A good way to do that mapping is using the sigmoid function.

Now... there's an infinite number of different sigmoid functions to chose from. You'll want to pick one that does a good job at mapping your eval output into the probabilistic value predicting the outcome.

This is what finding 'K' is about. It's not yet about tuning your eval parameters, it's about tuning your sigmoid function to fit your existing evaluation!

So how do you find 'K'? The simplest way is you just try different values for 'K' and settle on the best one. But before you can do that you have to be able to measure the predictive quality of your eval on the dataset. For that you calculate the mean square error over the dataset.

For each position you get the eval score. You map it to a probabilistic value using your current flavor of sigmoid function. You substract the result from the game result which get's you the error; how well did you predict the real outcome? you take that error and square it. (big errors matter more then small ones)

Now you add all these squared errors up and at the end divide them by the number of positions in your dataset.. and voila! You have computed the mean squared error over your dataset. This how you measure the predictive quality of your evaluation.

And from here on everything you do serves one purpose: Minimizing the MSE!

Now try to optimize your mapping first. Try different sigmoids or if you have chosen one with a constant K (like Berzerk) then try different values of K. Once your mapping is solid you start tweaking your evaluation parameters.

And while Berzerk seems to be using stochastic gradient descent to tweak the values (which is a good idea but complicated) any optimization method works.
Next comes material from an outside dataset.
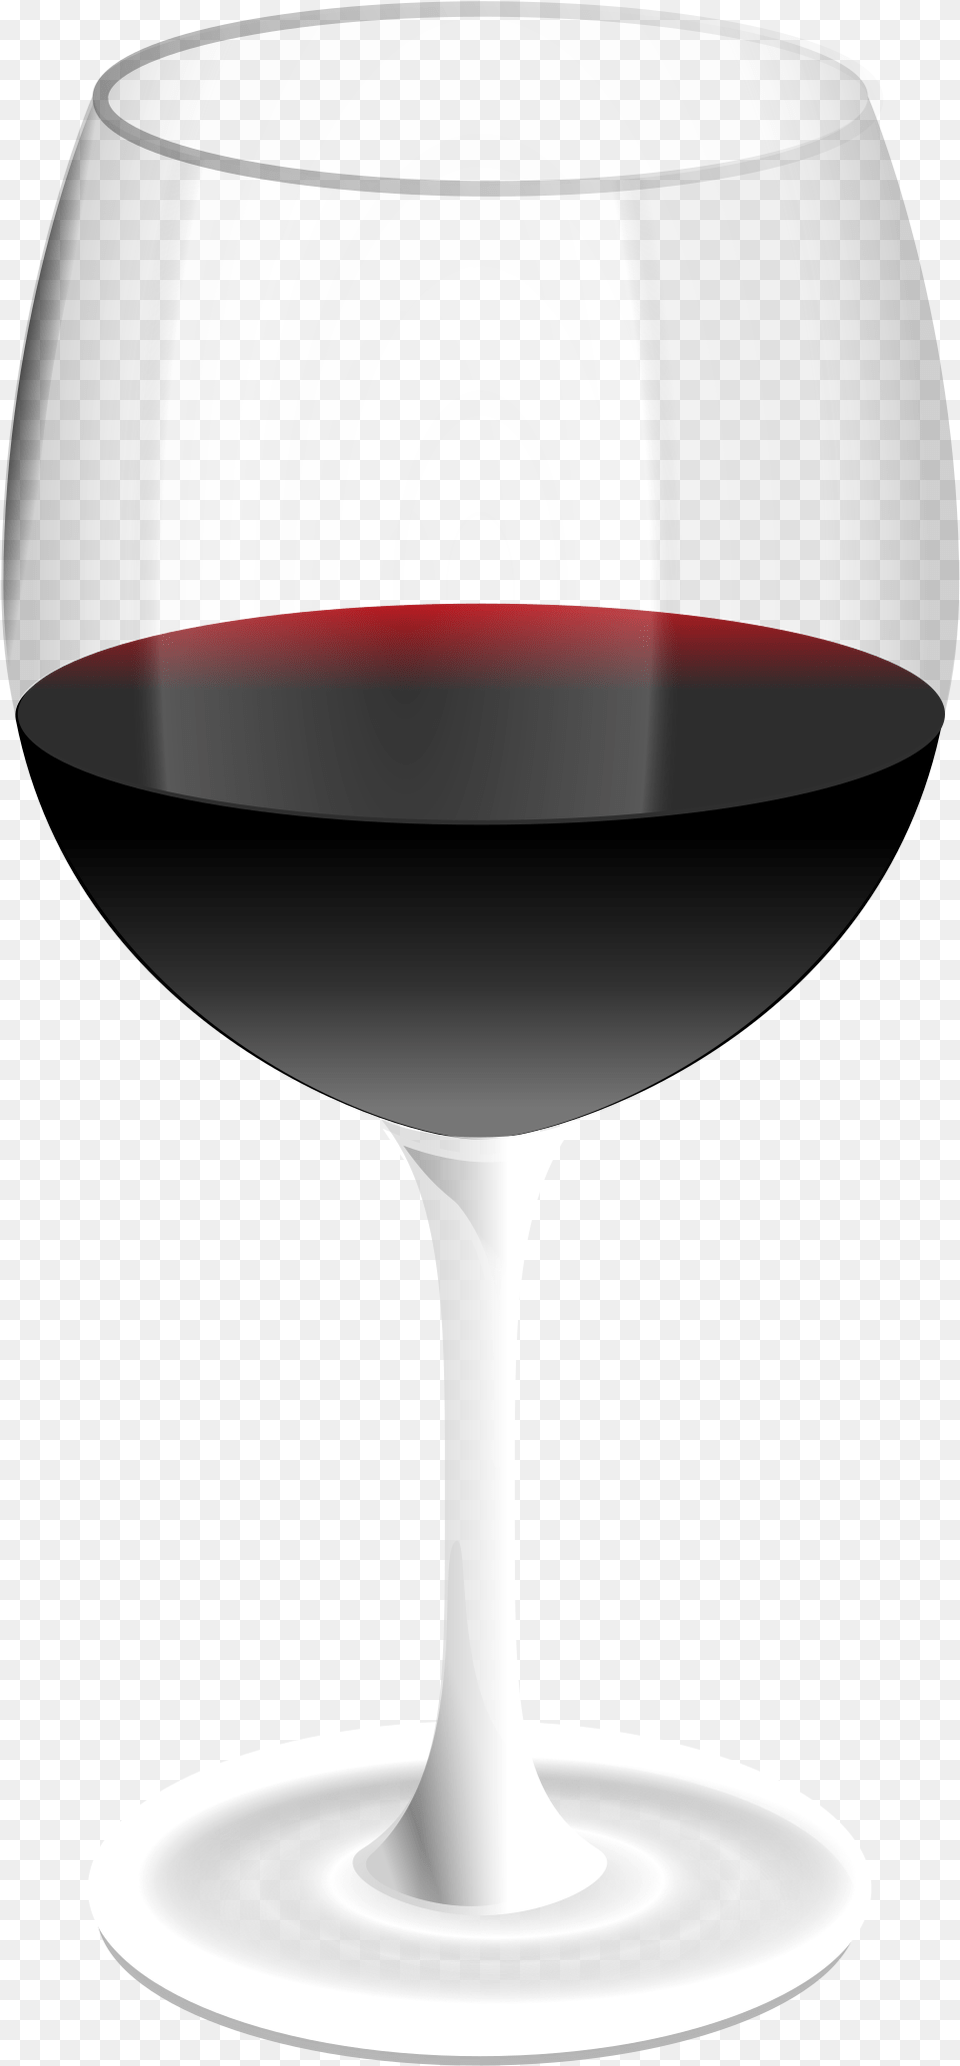 Glass Of Wine Pdf, Alcohol, Beverage, Liquor, Red Wine Png

And if you're just starting out and trying to find good PSQT values then by all means keep it simple and stupid.
Pick an eval parameter and add +1 and see if MSE improves. Continue adding +1 as long as you find improvements. Do the same with subtracting -1... do that a lot and you arrive at a local optimium and you find no further parameters you could modify for a tiny improvements.
Congratzs you have tuned your eval values and you should setup a selfplay match of the new values vs the old values and verify your success.
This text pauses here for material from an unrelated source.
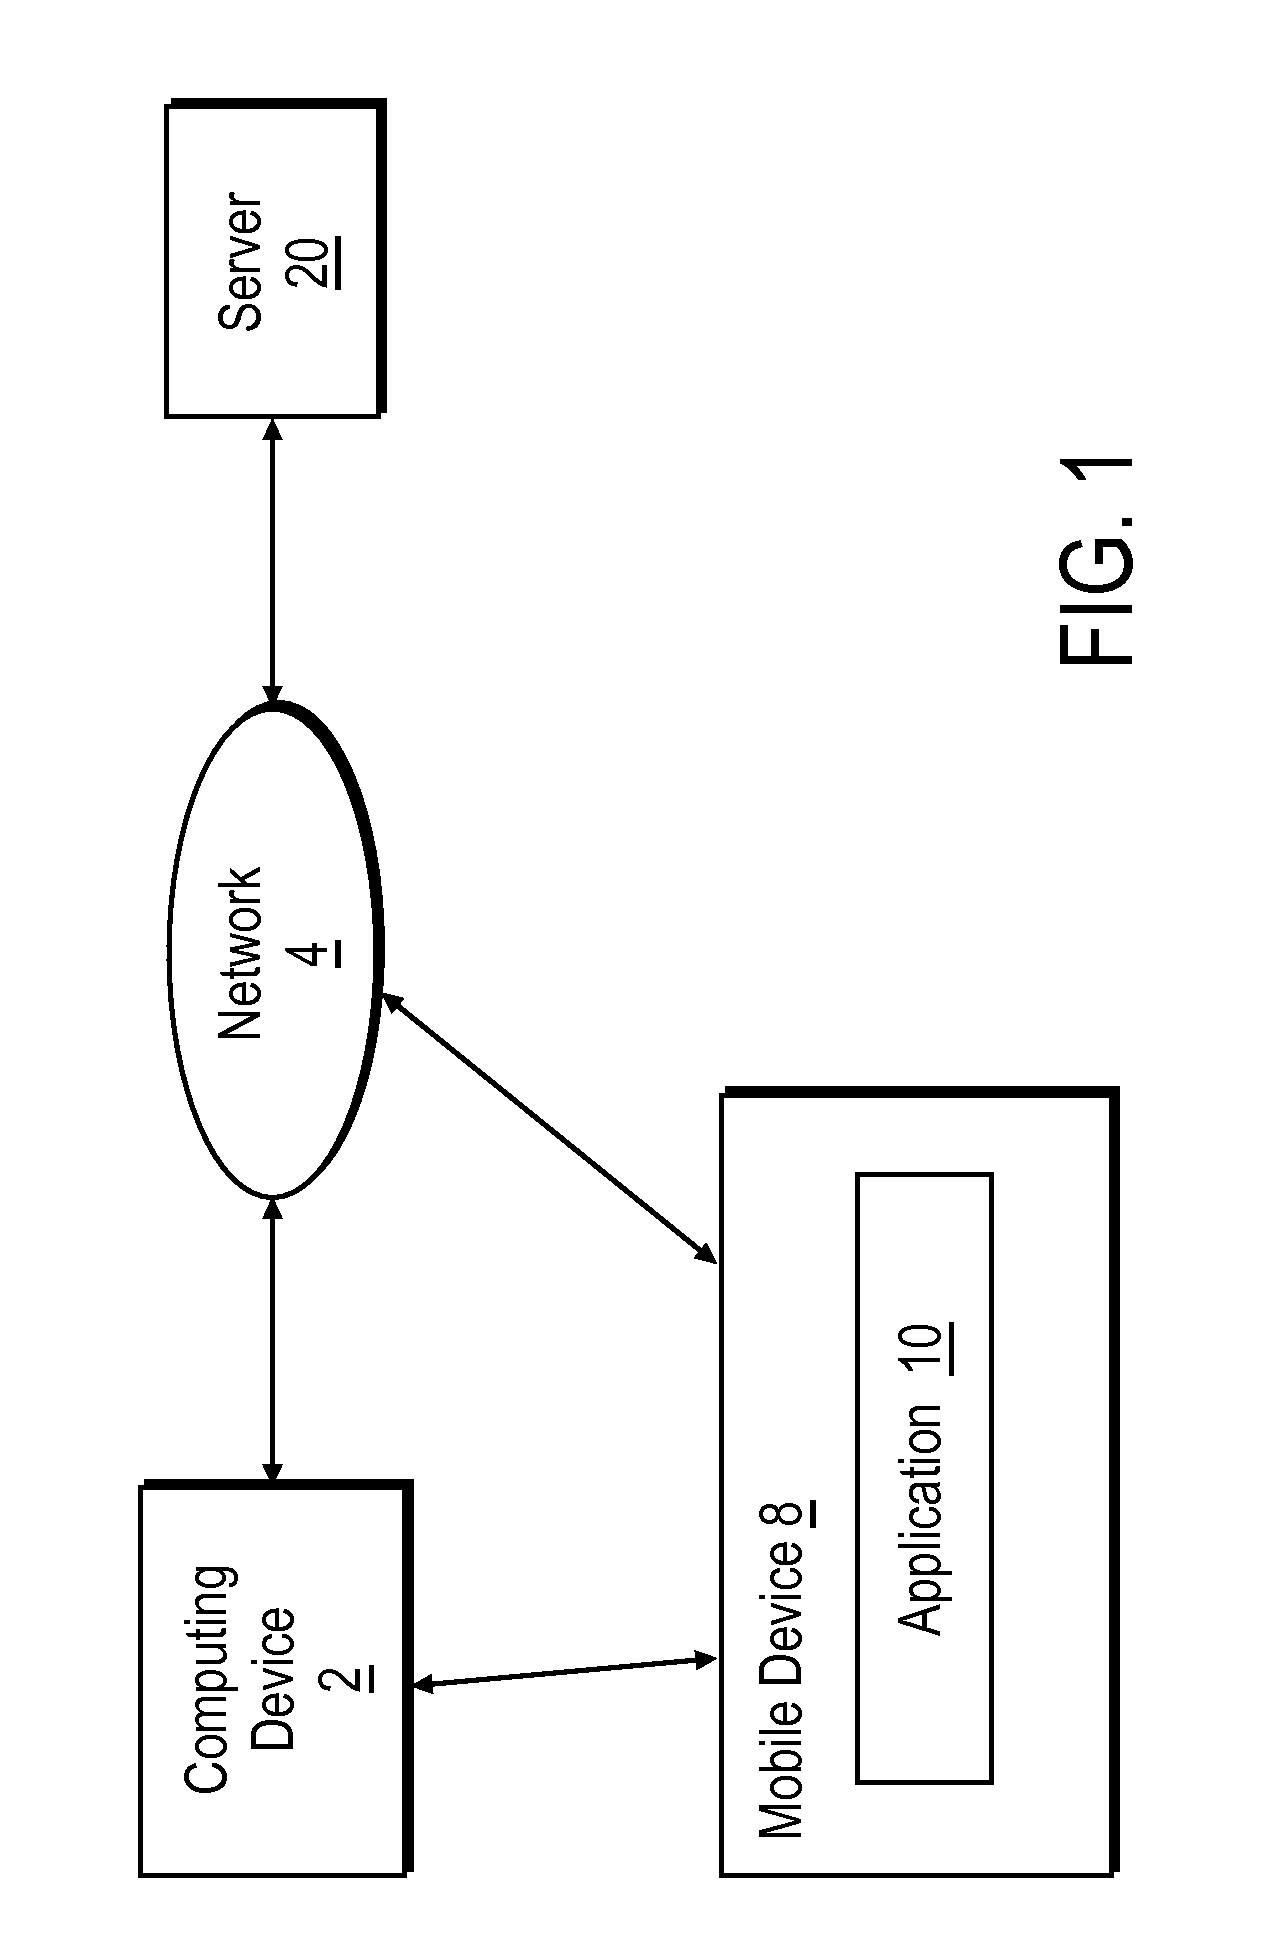 Method and system for producing emergency notifications

Now you can start refining! With Berzerk you look at an implemention that has seen a lot of refinements and that looks quite daunting. But with all optimizations and refinements stripped away the basic concept is super simple.
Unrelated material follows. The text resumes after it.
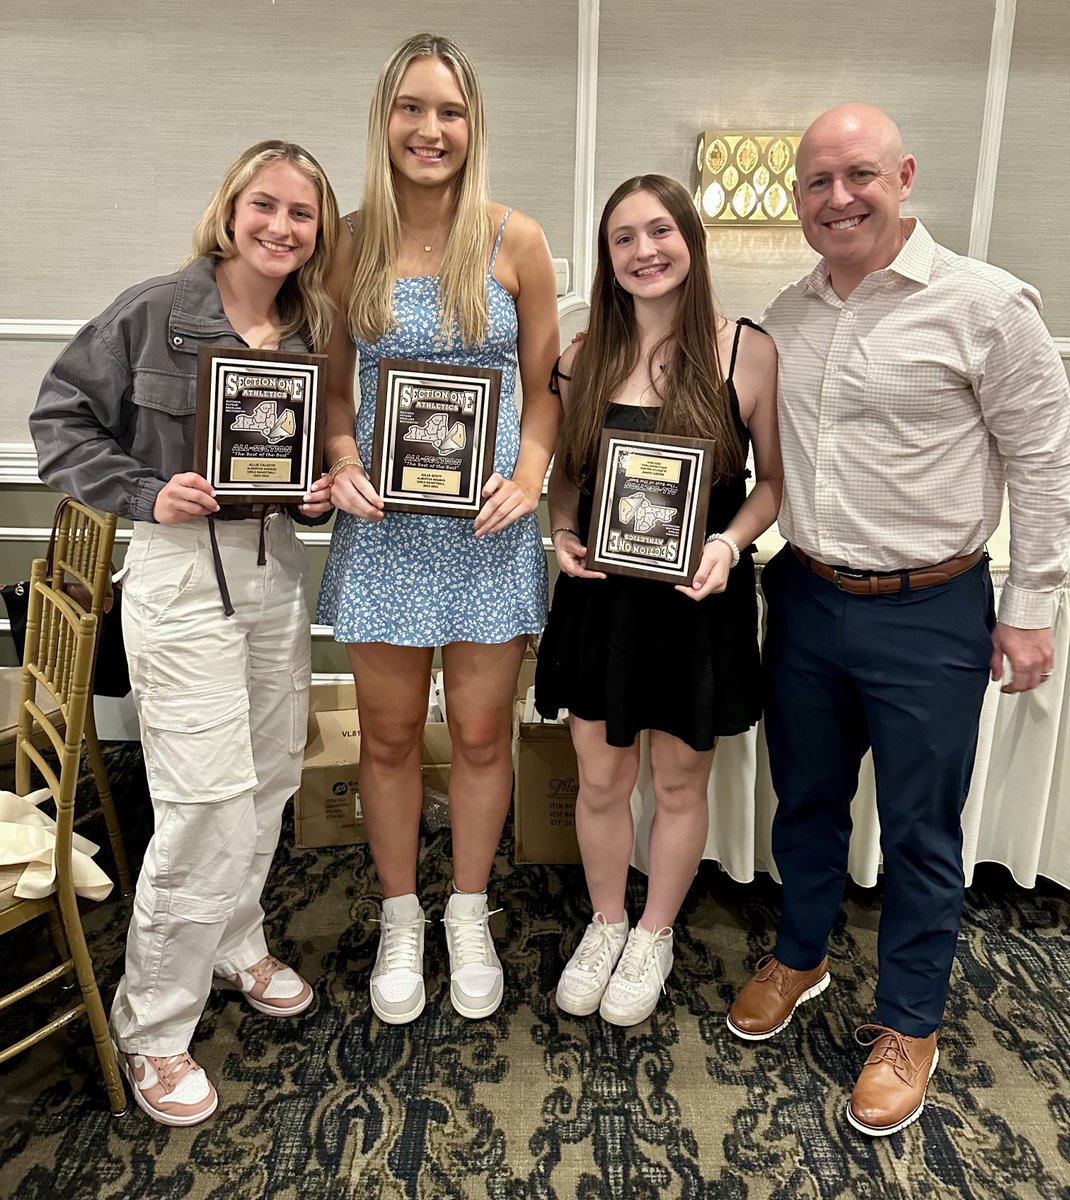 Congratulations to our 3 All Section players! So proud! ⁦@maddy_zuppe⁩ ⁦@alliefalesto⁩ ⁦@juliascott2026⁩ ⁦@AMHSFalcons⁩

Ras · Post by **Ras** » Fri Jan 19, 2024 2:49 pm

arjunbasandrai wrote: ↑Wed Jan 17, 2024 12:21 pm1. When I use a function to determine the best value of K, it always comes out to be a value very close to 0 (0.05-0.1)

Which means that your evaluation is not really related to the training data. Could be some bug in the K calculation, or the MSE, or you parse the game result wrong, or you use non-quiet positions with static eval instead of quiescence.

mvanthoor · Post by **mvanthoor** » Fri Jan 19, 2024 6:57 pm

lithander wrote: ↑Fri Jan 19, 2024 12:50 pm Now try to optimize your mapping first. Try different sigmoids or if you have chosen one with a constant K (like Berzerk) then try different values of K. Once your mapping is solid you start tweaking your evaluation parameters.

So when do you know when your K is 'perfect' or your 'mapping is solid'?

I was planning to do 16 texel-runs at the same time, each with different K-values, and then test each of the outcomes in self-play matches.

Ras · Post by **Ras** » Fri Jan 19, 2024 7:39 pm

mvanthoor wrote: ↑Fri Jan 19, 2024 6:57 pmSo when do you know when your K is 'perfect' or your 'mapping is solid'?

When the MSE before tuning is minimised over K. Otherwise, you'll end up wasting the training time on scaling the evaluation as a whole instead of tuning the parameters to discern position features.

mvanthoor · Post by **mvanthoor** » Fri Jan 19, 2024 7:55 pm

Ras wrote: ↑Fri Jan 19, 2024 7:39 pm When the MSE before tuning is minimised over K. Otherwise, you'll end up wasting the training time on scaling the evaluation as a whole instead of tuning the parameters to discern position features.

So when I understand this correctly, you should FIRST tune K, to get the lowest possible MSE with your eval, WITHOUT touching any of the eval parameters?

I've never encountered that step in my research; I might have missed it, but it sounds logical. So I'll add this to the pipeline.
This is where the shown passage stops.